Demnach sollen KI-Systeme zukünftig in verschiedene Risikogruppen eingeteilt werden. Dabei gilt: Je größer die potenziellen Gefahren einer Anwendung sind, desto höher sollen die rechtlichen Anforderungen sein. Basismodelle etwa müssen Mindeststandards erfüllen wie Transparenz über Trainingsdaten. Werden jedoch „systemische Risiken“ befürchtet, sollen strengere Vorgaben gelten.

Bei der KI-Nutzung in Sicherheitsbehörden sieht das Gesetz grundsätzlich ein „hohes Risiko“ für Menschenrechtsverletzungen, genauso bei Anwendungen in der kritischen Infrastruktur sowie der Personalverwaltung. Auch Systeme, die potenziell Wahlen beeinflussen können, stehen im Fokus des Gesetzes.

In diesen Fällen soll daher ein Mensch in letzter Instanz die Kontrolle über die Entscheidungen der KI haben. Zudem schreibt das Gesetz eine technische Dokumentation und ein System zum Risikomanagement vor. Betroffene sollen darüber hinaus bei den Behörden Beschwerde gegen die KI-Nutzung einreichen können.

Verboten werden sollen KI-Systeme, die Menschen nach Kriterien wie ihren politischen und religiösen Ansichten, ihrer sexuellen Orientierung oder der Hautfarbe in Gruppen einteilen. Außerdem werden die aus China bekannten sogenannten Sozialkredit-Systeme verboten, die auf das Verhalten oder persönliche Eigenschaften abzielen.

Unternehmen dürfen ferner KI nicht einsetzen, um die Gefühle ihrer Beschäftigten zu erfassen. Die Technologie darf zudem nicht genutzt werden, um Menschen gegen ihren Willen zu beeinflussen.
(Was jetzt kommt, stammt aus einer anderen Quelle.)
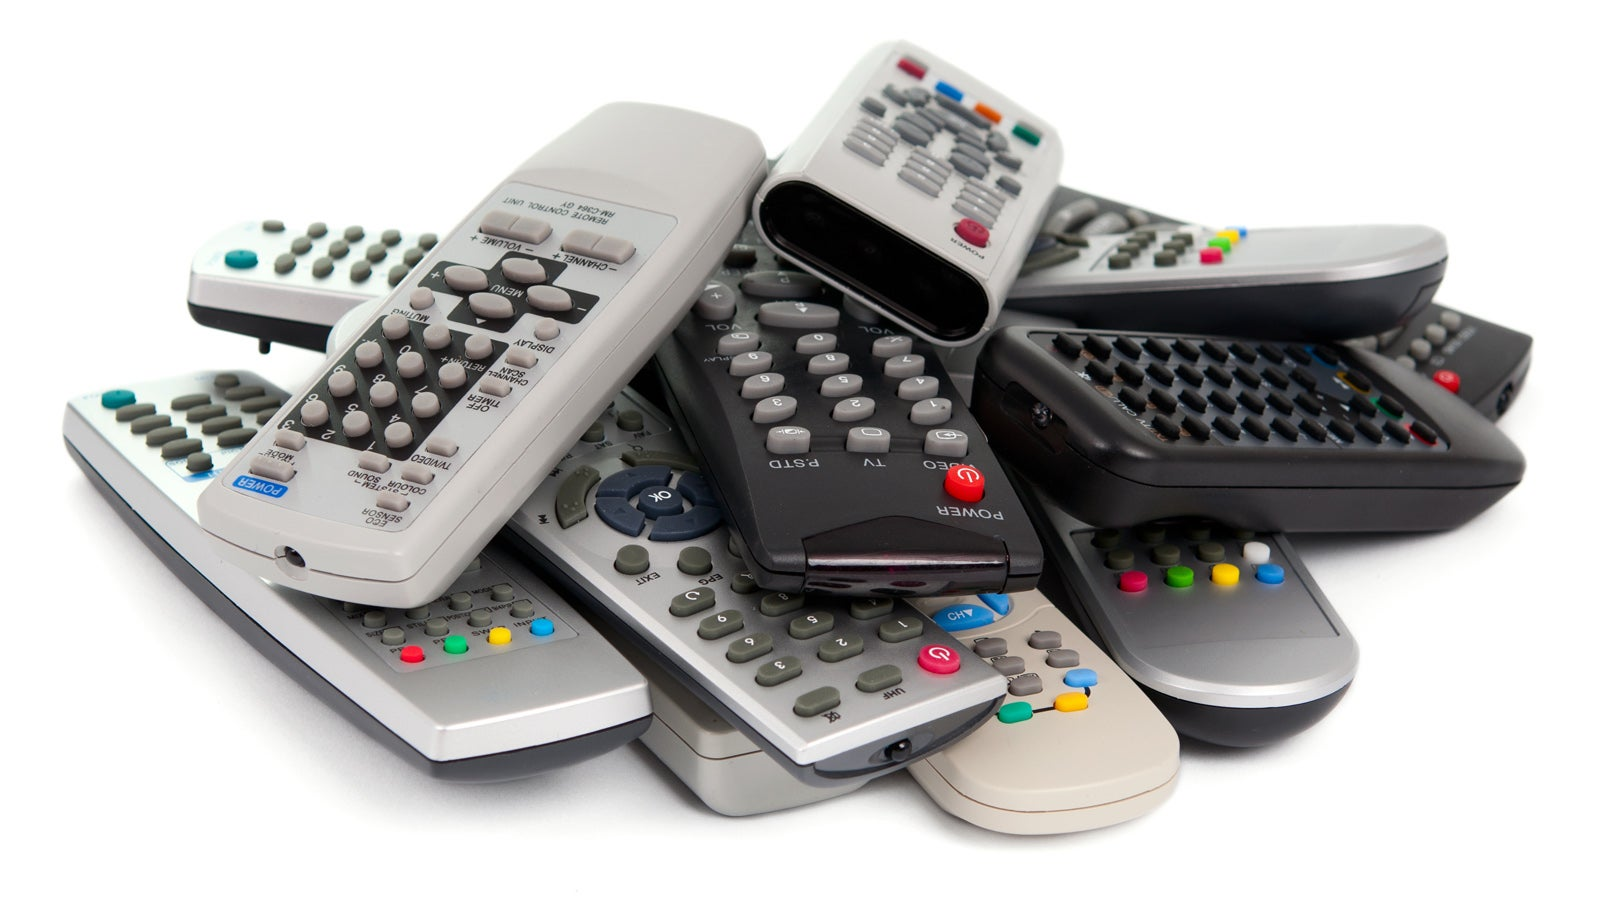 Universal phone remote

Betroffene dürfen durch die Nutzung zudem nicht etwa wegen ihres Alters, einer Behinderung oder ihrer finanziellen Situation benachteiligt werden.

Die Polizei und andere Sicherheitsbehörden dürfen KI-gesteuerte Gesichtserkennung an öffentlichen Plätzen nutzen, wenn eine richterliche Anordnung vorliegt. Bei aufgezeichnetem Videomaterial darf die Technologie für die Fahndung nach Verurteilten oder Verdächtigten schwerer Straftaten verwendet werden.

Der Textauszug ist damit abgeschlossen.